US Civil Rights Commission Turns to American Experiment on School Discipline Issue

U.S. Commission on Civil Rights member Peter Kirsanow

Today the United States Commission on Civil Rights will hold a public briefing in Washington, D.C., entitled The School-to-Prison Pipeline: The Intersections of Students of Color with Disabilities. The briefing will examine the race-based school discipline policies imposed on public schools by the Obama administration in its notorious January 2014 “Dear Colleague” letter.

At the briefing, the Commission will hear presentations from various parties, including advocacy groups and academics. In the open comment period that follows, U.S. Civil Rights Commissioner Peter Kirsanow will read into the record the following statement from Center of the American Experiment’s Senior Policy Fellow Katherine Kersten, which he will also use in examining witnesses:

The underlying premise of the 2014 “Dear Colleague” letter is that students should be disciplined on the basis—not of their conduct as individuals—but of their membership in a racial or ethnic group. This flawed premise has led to a host of disastrous, if unintended, consequences in schools where it has been applied.

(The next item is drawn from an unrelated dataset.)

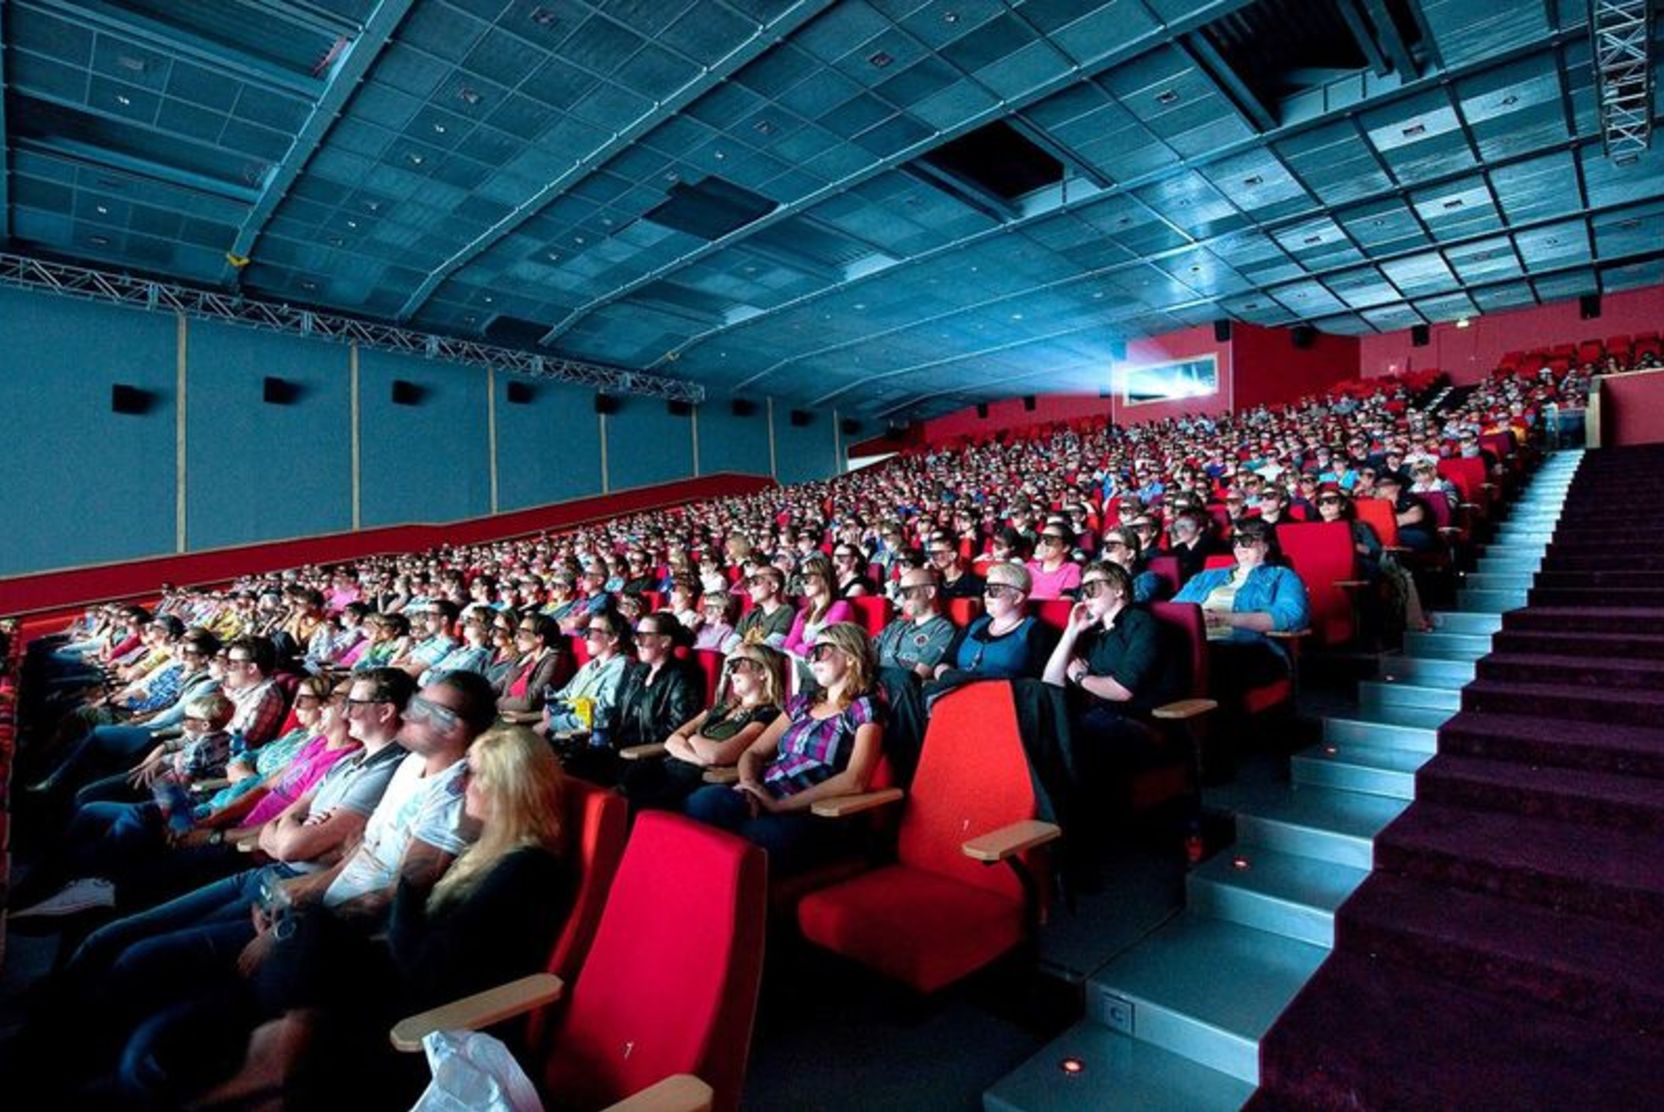 Кинотеатры Московской области заработают с 1 августа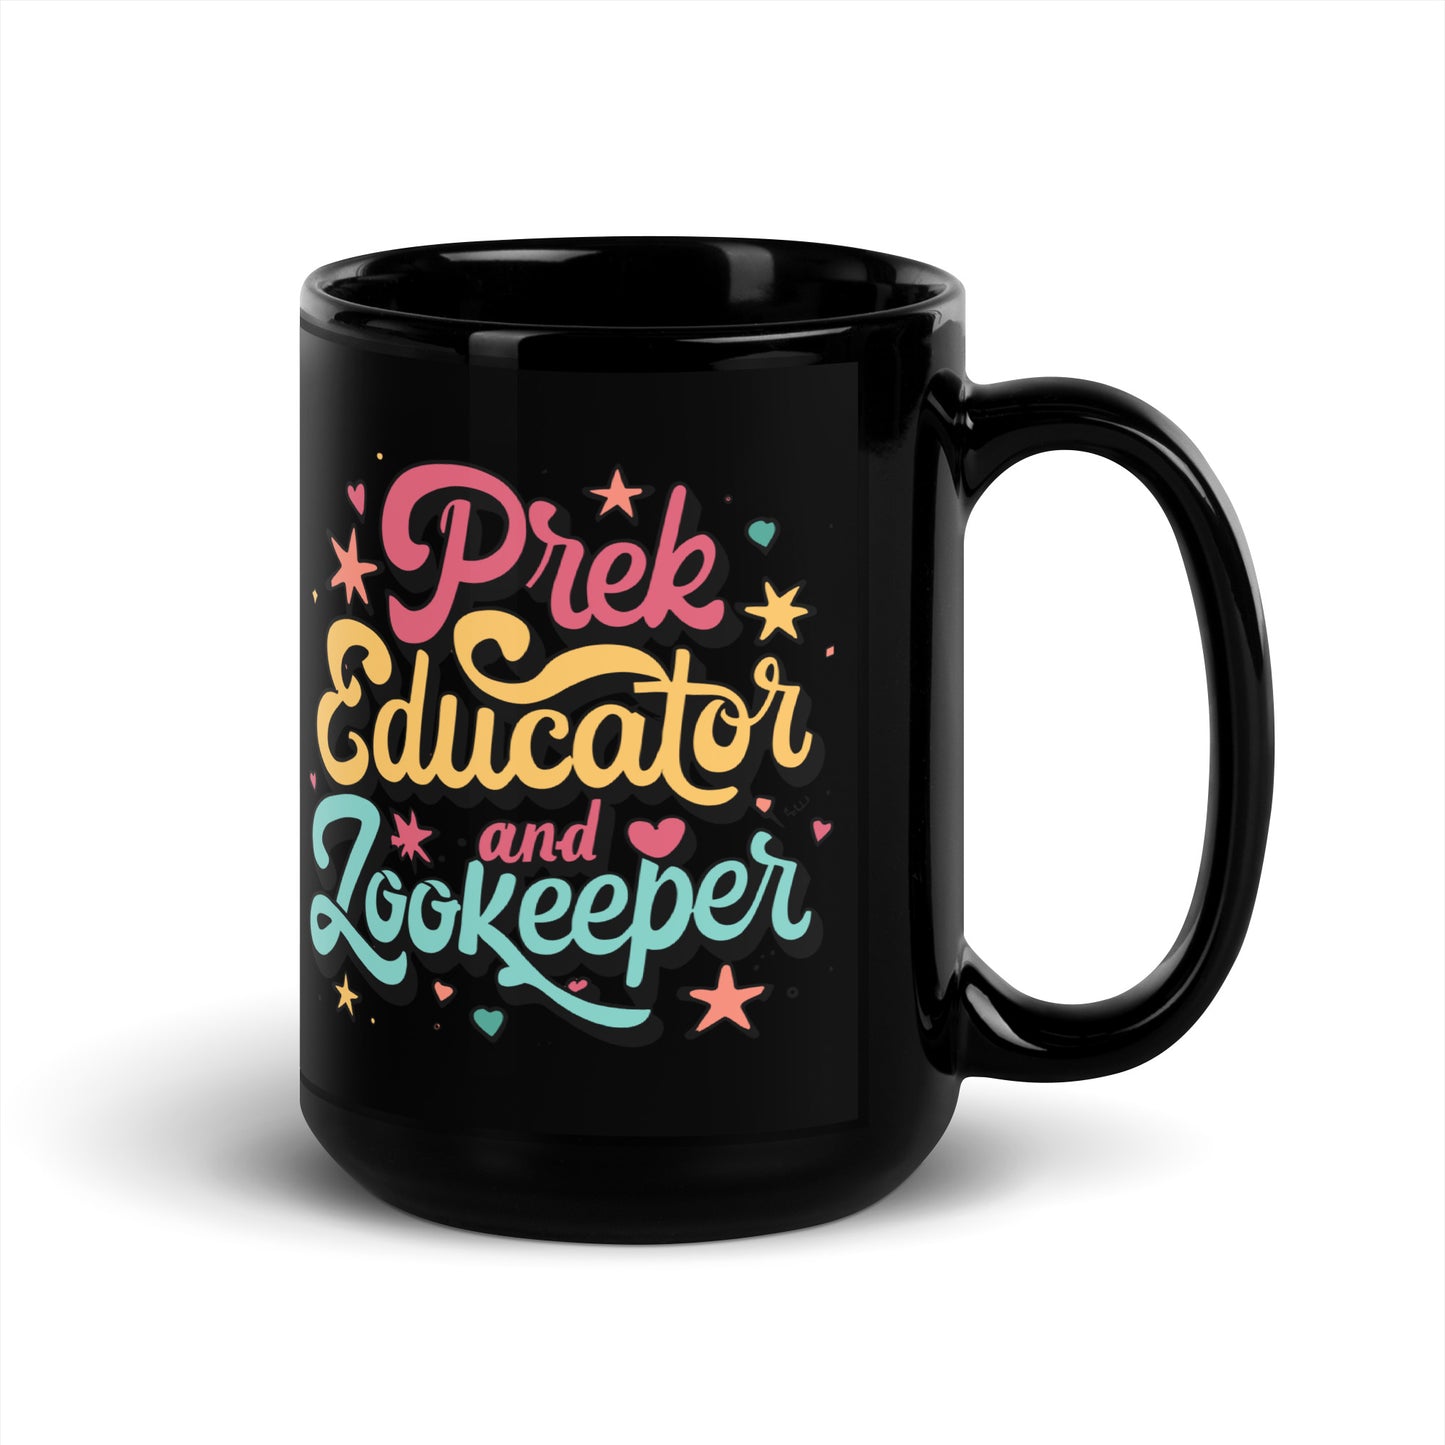 PreK Teacher Coffee Mug - "PreK Educator and Zookeeper"

In St. Paul, Minnesota, for example, race-based discipline policies have generated violence and disorder, and produced an environment where learning is often impossible. The reason? The policies have created “a segment of kids who consider themselves untouchable,” in the words of one veteran teacher.

Supporters of the “disparate impact” theory of school discipline claim bigoted teachers are to blame for racial disparities in discipline rates. They assume that students of all races and ethnicities—as groups—will conduct themselves the same way in school, despite vast group differences in socio-economic background and family structure. Racial/ethnic differences in suspension rates are attributed to discrimination, by default.

But the data on which the 2014 guidance was based reveal that, across the nation, the suspension rate for white boys is more than twice that of Asian and Pacific Islander boys. According to “disparate impact” logic, this must be because teachers are prejudiced against white boys. But isn’t it more likely that white boys’ rate is higher because, as a group, they misbehave more often than their Asian peers?

That appears to be the case with black students. Their discipline rate is higher than other students’ because, on average, they misbehave more. In fact, a groundbreaking 2014 study by J. P. Wright and others in the Journal of Criminal Justice found that the racial gap in suspensions is “completely accounted for by a measure of the prior problem behavior of the student.”

In St. Paul, Asian students—primarily of Hmong and other Southeast Asian backgrounds—are flooding out of district schools to escape the violence and disorder that have followed the district’s adoption of disparate-impact-based discipline policies.

Proponents of race-based discipline policies say they seek justice for poor and minority children. But it is poor and minority children, struggling to learn in anarchic classrooms, who suffer disproportionately from misguided equity policies. So long as disorder is allowed to flourish in the name of statistical parity, our nation’s yawning racial learning gap will continue to widen.

At the same time, race-based discipline policies teach troublemaking students that bad behavior and disrespect for authority carry no adverse consequences. How can these students ever hope to hold a job or become productive citizens with such a distorted view of reality?

Finally, advocates of race-based discipline routinely — and baselessly — denounce our schools as bastions of institutional racism. Tragically, by doing so, they lead minority students to distrust the one institution that offers them a sure route out of poverty.